What is Logged by Autologging?

By default, autologging logs the following to MLflow:

The model summary as returned by model.summary().
Training hyperparamers, e.g., batch size and epochs.
Optimizer configs, e.g., optimizer name and learning rate.
Dataset information.
Training and validation metrics, including loss and any metrics specified in model.compile().
Saved model after training completes in the format of TF saved model (compiled graph).

You can customize autologging behavior by passing arguments to mlflow.tensorflow.autolog(), for example if you don’t want to log the dataset information, then you can run mlflow.tensorflow.autolog(log_dataset_info=False). Please refer to the API documentation mlflow.tensorflow.autolog() for full customization options.

Understanding Autologging

The way we autolog Tensorflow is by registering a custom callback to the Keras model via monkey patch. Briefly we attach a MLflow callback to the Keras model that works similarly to normal Keras callbacks. At training start, training parameters including epochs, batch_size, learning_rate and model information such as model summary will be logged. In addition, the callback will be triggered per every_n_iter epochs to log the training metrics, and after the training finishes, the trained model will be saved to MLflow.

Logging to MLflow with Keras Callback

As discussed in the previous section, MLflow autologging for Tensorflow is simply using a Keras callback. If you wish to log additional information that isn’t provided by the base autologging implementation via this default callback, you can write your own callback to log custom information.

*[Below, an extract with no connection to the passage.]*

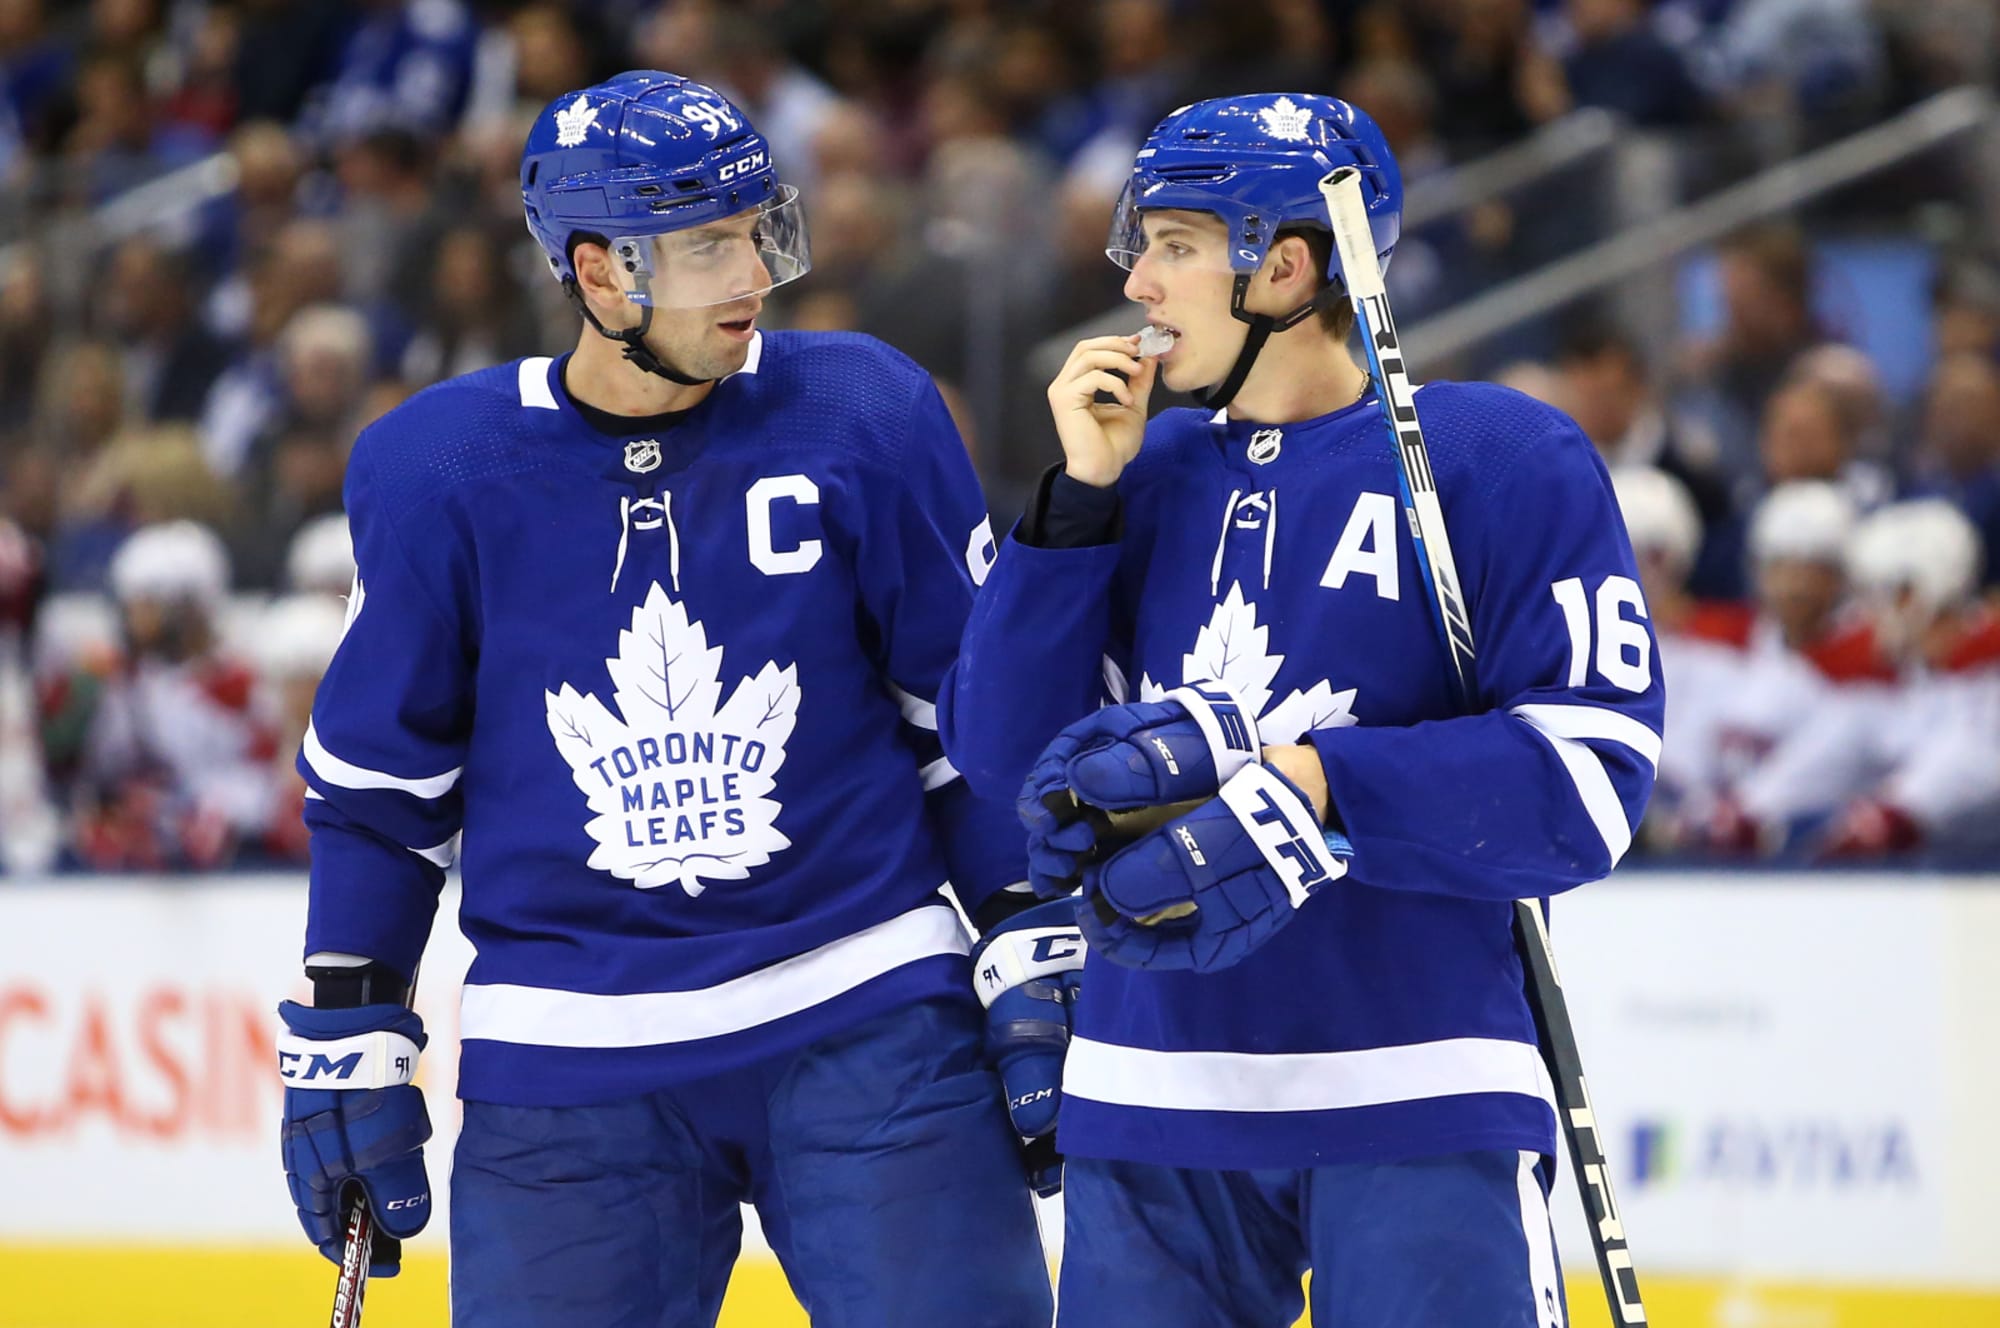 Toronto Maple Leafs: Time is right to reunite Tavares and Marner

Using the Predefined Callback

MLflow offers a predefined callback mlflow.tensorflow.MlflowCallback that you can use or extend to log information to MLflow. The callback function provides the same functionality as autologging and is suitable for users willing to have a better control of the experiment. Using mlflow.tensorflow.MlflowCallback is the same as other Keras callbacks:

with mlflow.start_run():
    model.fit(
        data,
        label,
        batch_size=5,
        epochs=2,
        callbacks=[mlflow.tensorflow.MlflowCallback()],
    )

You can change the logging frequency in mlflow.tensorflow.MlflowCallback by setting log_every_epoch and log_every_n_steps, by default metrics are logged per epoch. Please refer to the API documentation for more details.

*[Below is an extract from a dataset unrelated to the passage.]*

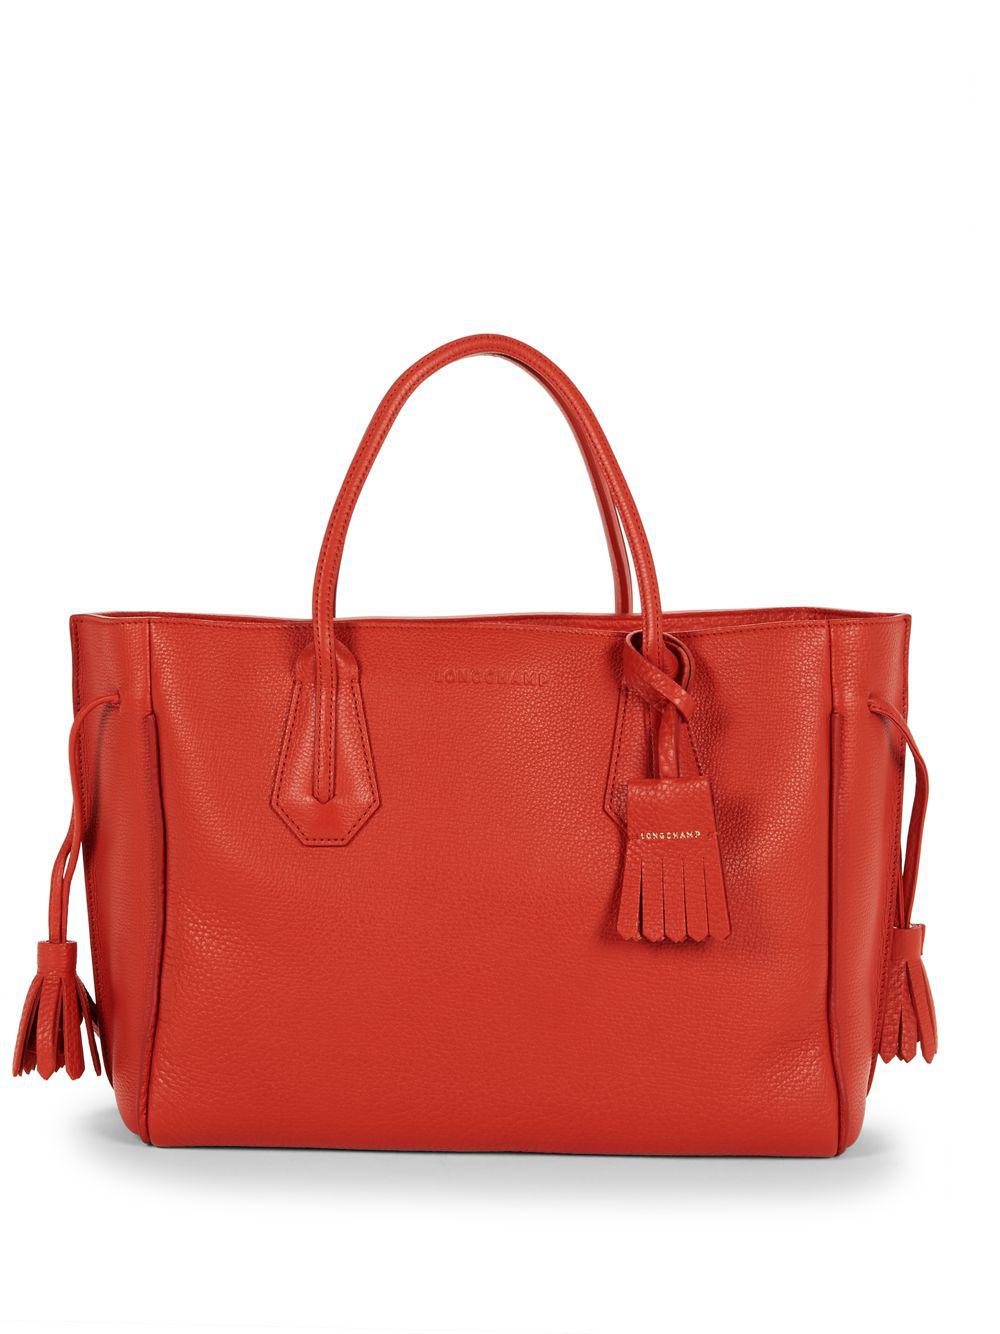 Longchamp Penelope Leather Top Handle Bag in Red | Lyst

Customizing MLflow Logging

You can also write your own callback to log information to MLflow. To do that, you need to define a class subclassing from keras.callbacks.Callback, which provides hooks at various stages of training and validation, e.g., on_epoch_end and on_train_end are called separately at the end of each epoch and when the training is finished. You can then use the callback in model.fit(). Here is a simple example for logging the training metrics in log scale:

from tensorflow import keras
import math
import mlflow

class MlflowCallback(keras.callbacks.Callback):
    def on_epoch_end(self, epoch, logs=None):
        logs = logs or {}
        for k, v in logs.items():
            mlflow.log_metric(f"log_{k}", math.log(v), step=epoch)

At the conclusion of each epoch, the logs object will contain loss and metrics as defined in model.compile(). For full documentation of the Keras callback API, please read keras.callbacks.Callback.

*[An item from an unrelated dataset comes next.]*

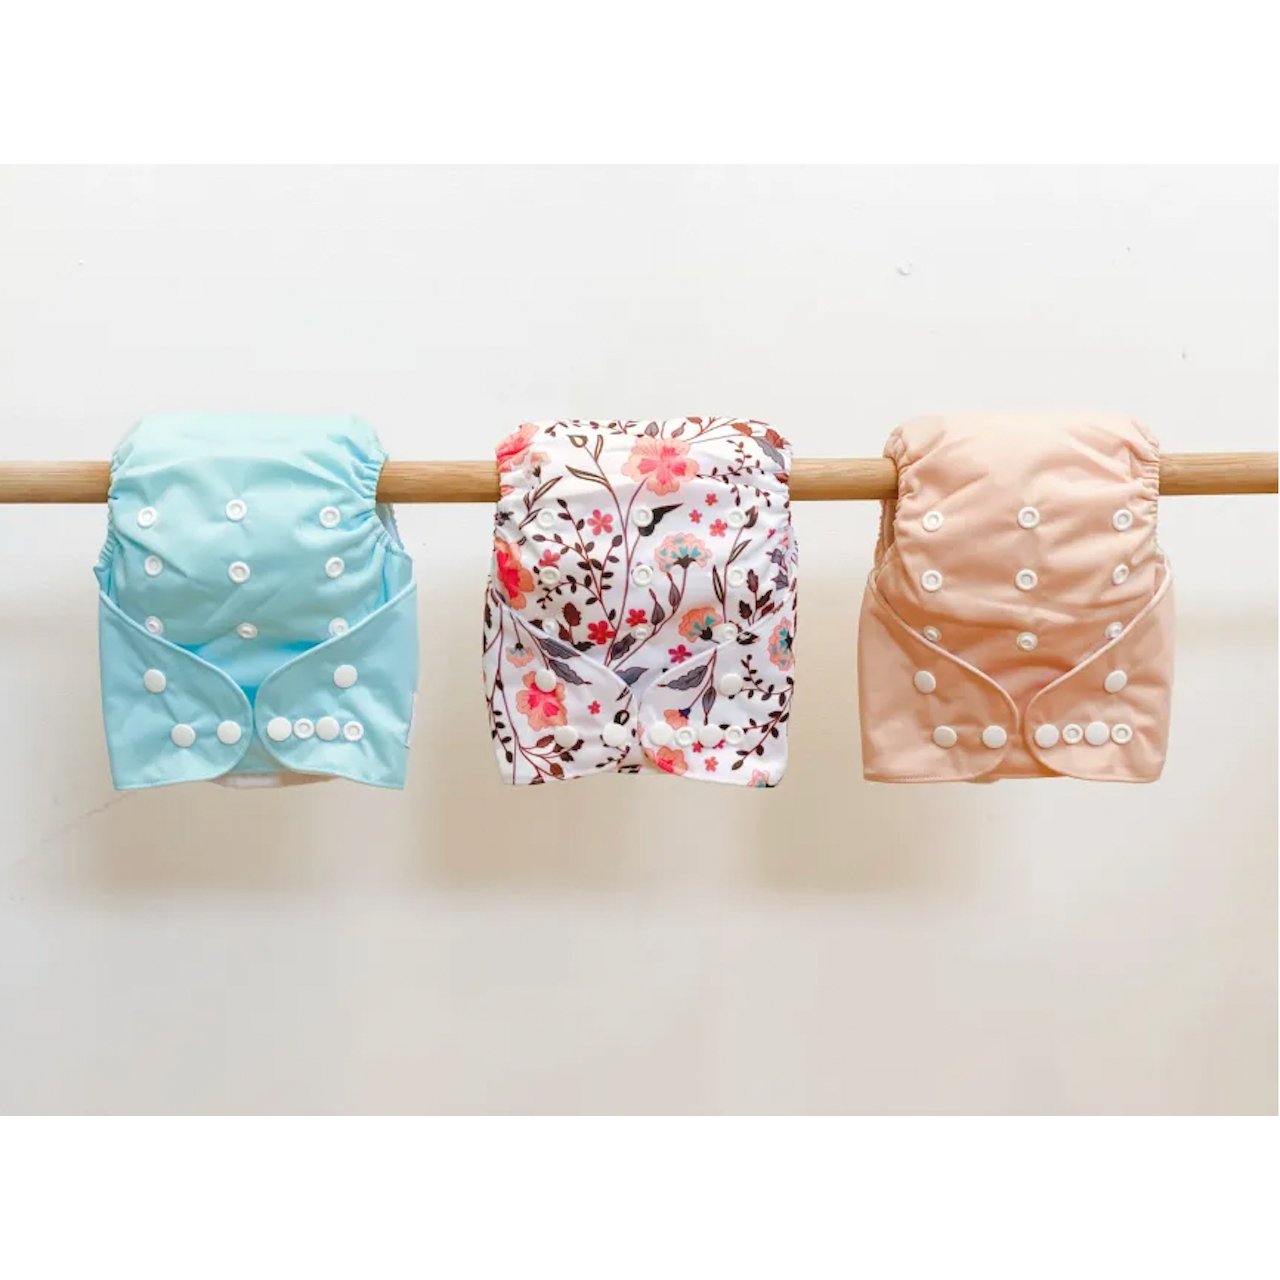 3 Cottontail Modern Cloth Nappy - Wild Flower Trio Pack - Little Kids Business

Saving Your Tensorflow Model to MLflow

If you have turned on the autologging, your Tensorflow model will be automatically saved after the training is done. If you prefer to explicitly save your model, you can instead manually call mlflow.tensorflow.log_model(). After saving, you can load back the model using mlflow.tensorflow.load_model(). The loaded model can be used for inference by calling the predict() method.

import mlflow
import tensorflow as tf
from tensorflow import keras

model = keras.Sequential(
    [
        keras.Input([28, 28, 3]),
        keras.layers.Conv2D(8, 2),
        keras.layers.MaxPool2D(2),
        keras.layers.Flatten(),
        keras.layers.Dense(2),
        keras.layers.Softmax(),
    ]
)

save_path = "model"
with mlflow.start_run() as run:
    mlflow.tensorflow.log_model(model, "model")

# Load back the model.
loaded_model = mlflow.tensorflow.load_model(f"runs:/{run.info.run_id}/{save_path}")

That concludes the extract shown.